Some kind of microkernel, yes. With the set of required features for hardware
abstraction and virtualization, with everything else being provided by the
respective language runtime.

This is much faster than traditional operating system stacks, and may provide
a way into bringing microkernels into mainstream OSs.

When using programming languages that come with batteries included, meaning
with a good set of libraries for all the usual OS services, then removing a
few layers between hardware and application helps running everything faster
and increases security due to a smaller set of code.

The guys behind Microsoft's Singularity project are also researching something
similar for Windows, a project named Drawbridge, where the full OS runs on a
hypervisor as a set of libraries in user space.

Anyway this is nothing new, the idea of a virtualized OS goes back to OS/360,
it was just kept away in the mainframe world and is now becoming mainstream.

------
CurtMonash
If it's fast creation/destruction of VMs you want, for scale-out or other
purposes, there's always ZeroVM.
<https://news.ycombinator.com/item?id=3746222>

------
continuations
> 0.6 sec ago is when we received your request. Within this time we managed to
> create a new Xen instance, boot it, and run the application that rendered
> the page you are viewing.

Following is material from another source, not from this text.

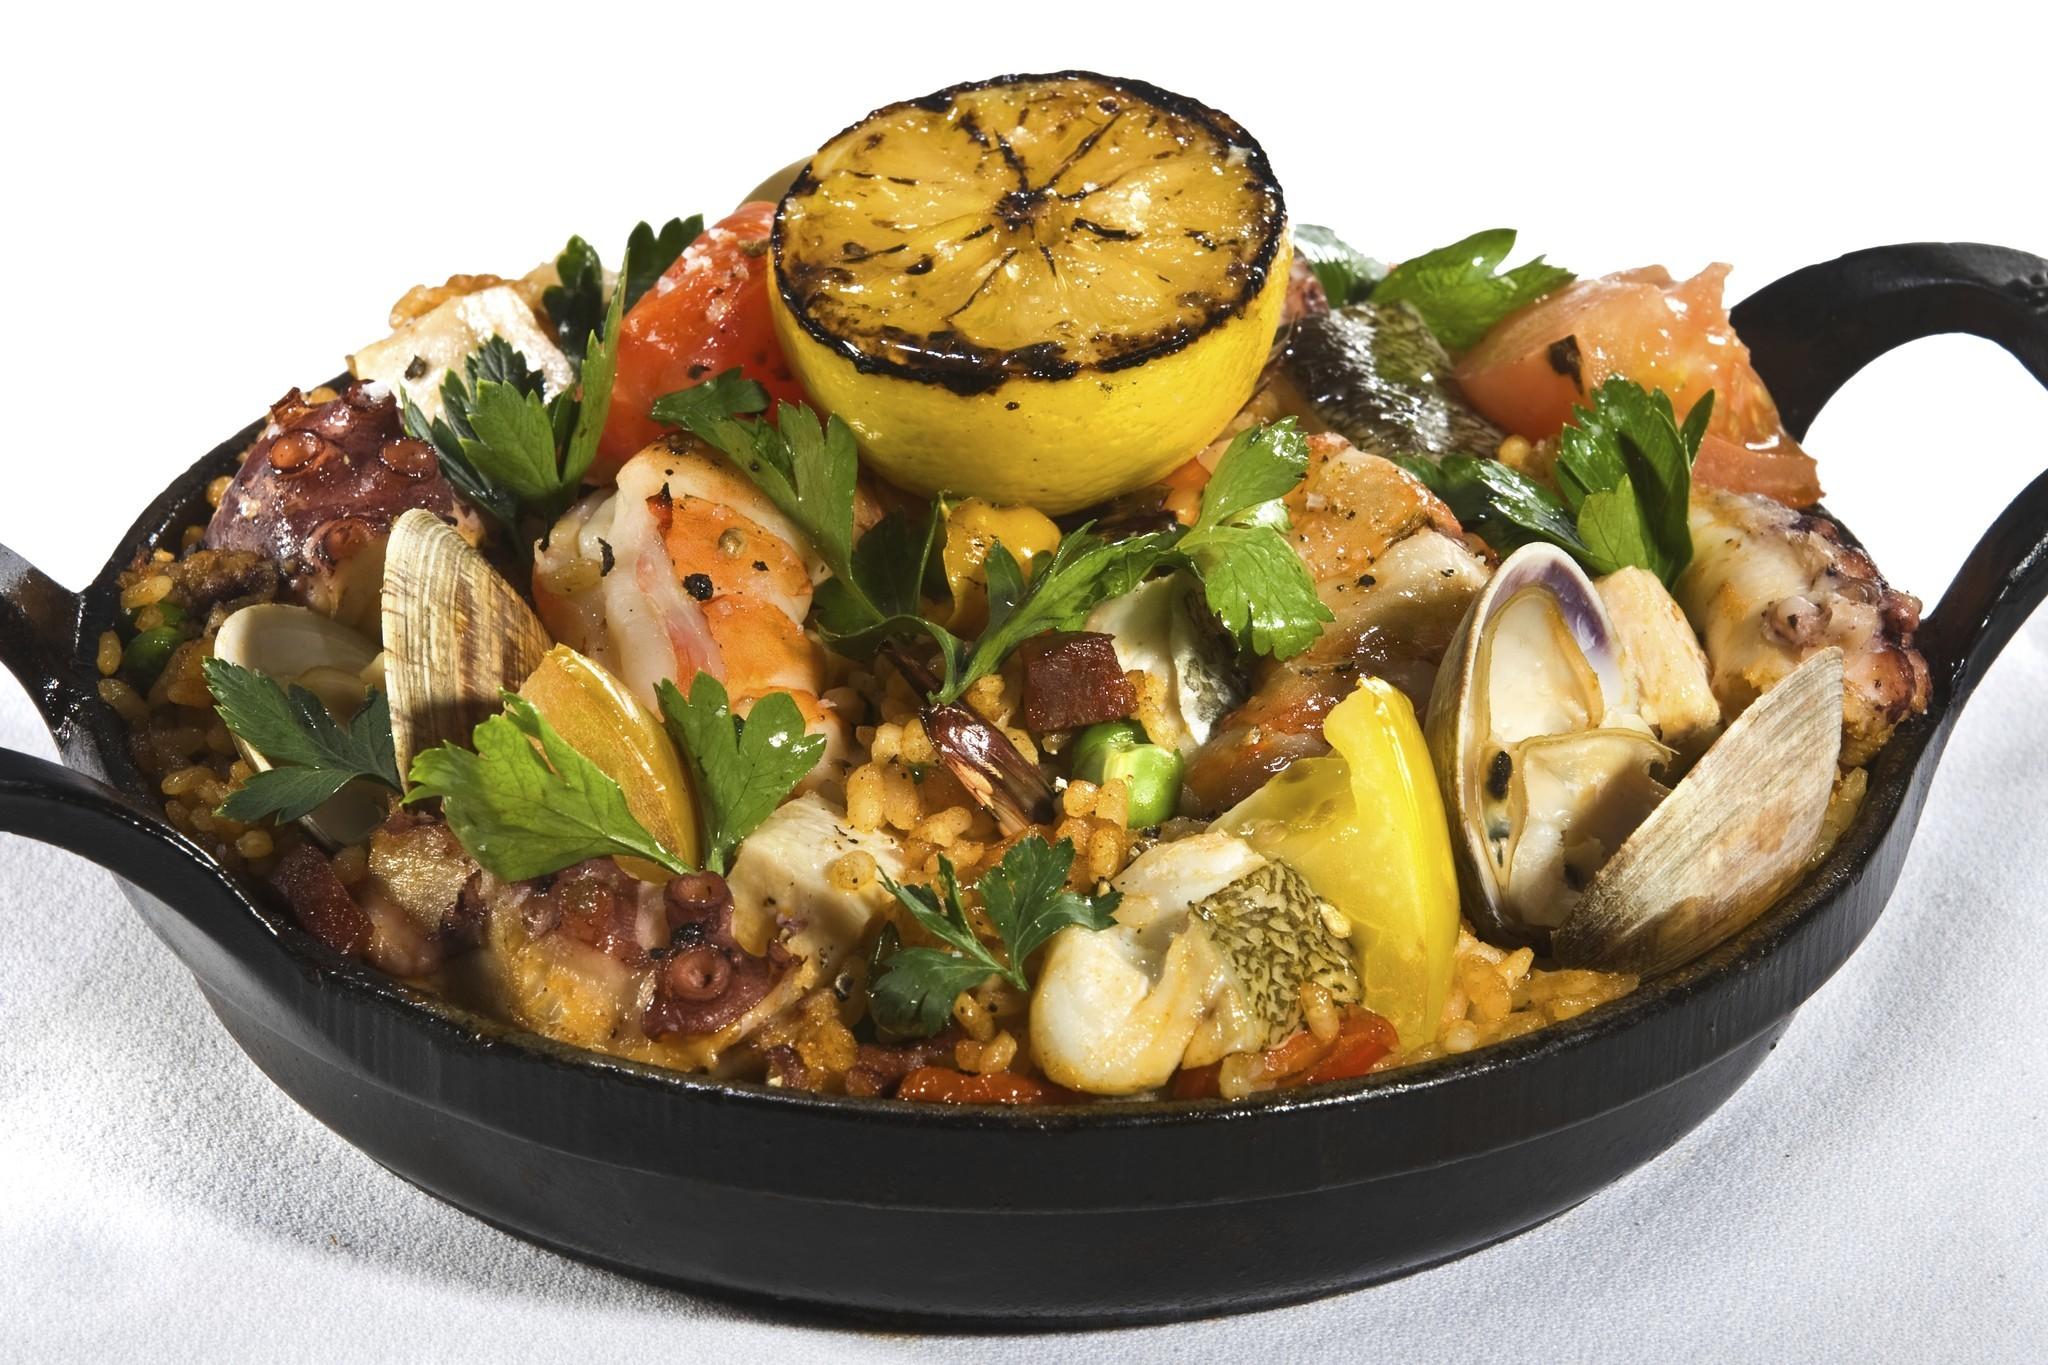 Top Broward restaurants - 3030 Ocean

By the time you are done reading this, the
> instance will be gone.

So every time it receives a request it launches a new Xen instance, processes
the request, sends a response, and then kill the Xen instance?

And all that takes 600ms just to process a single request?

Why would anyone want to do that when I could just have a persistent JVM
running on Linux to process requests in under 10ms?

What's the point of this?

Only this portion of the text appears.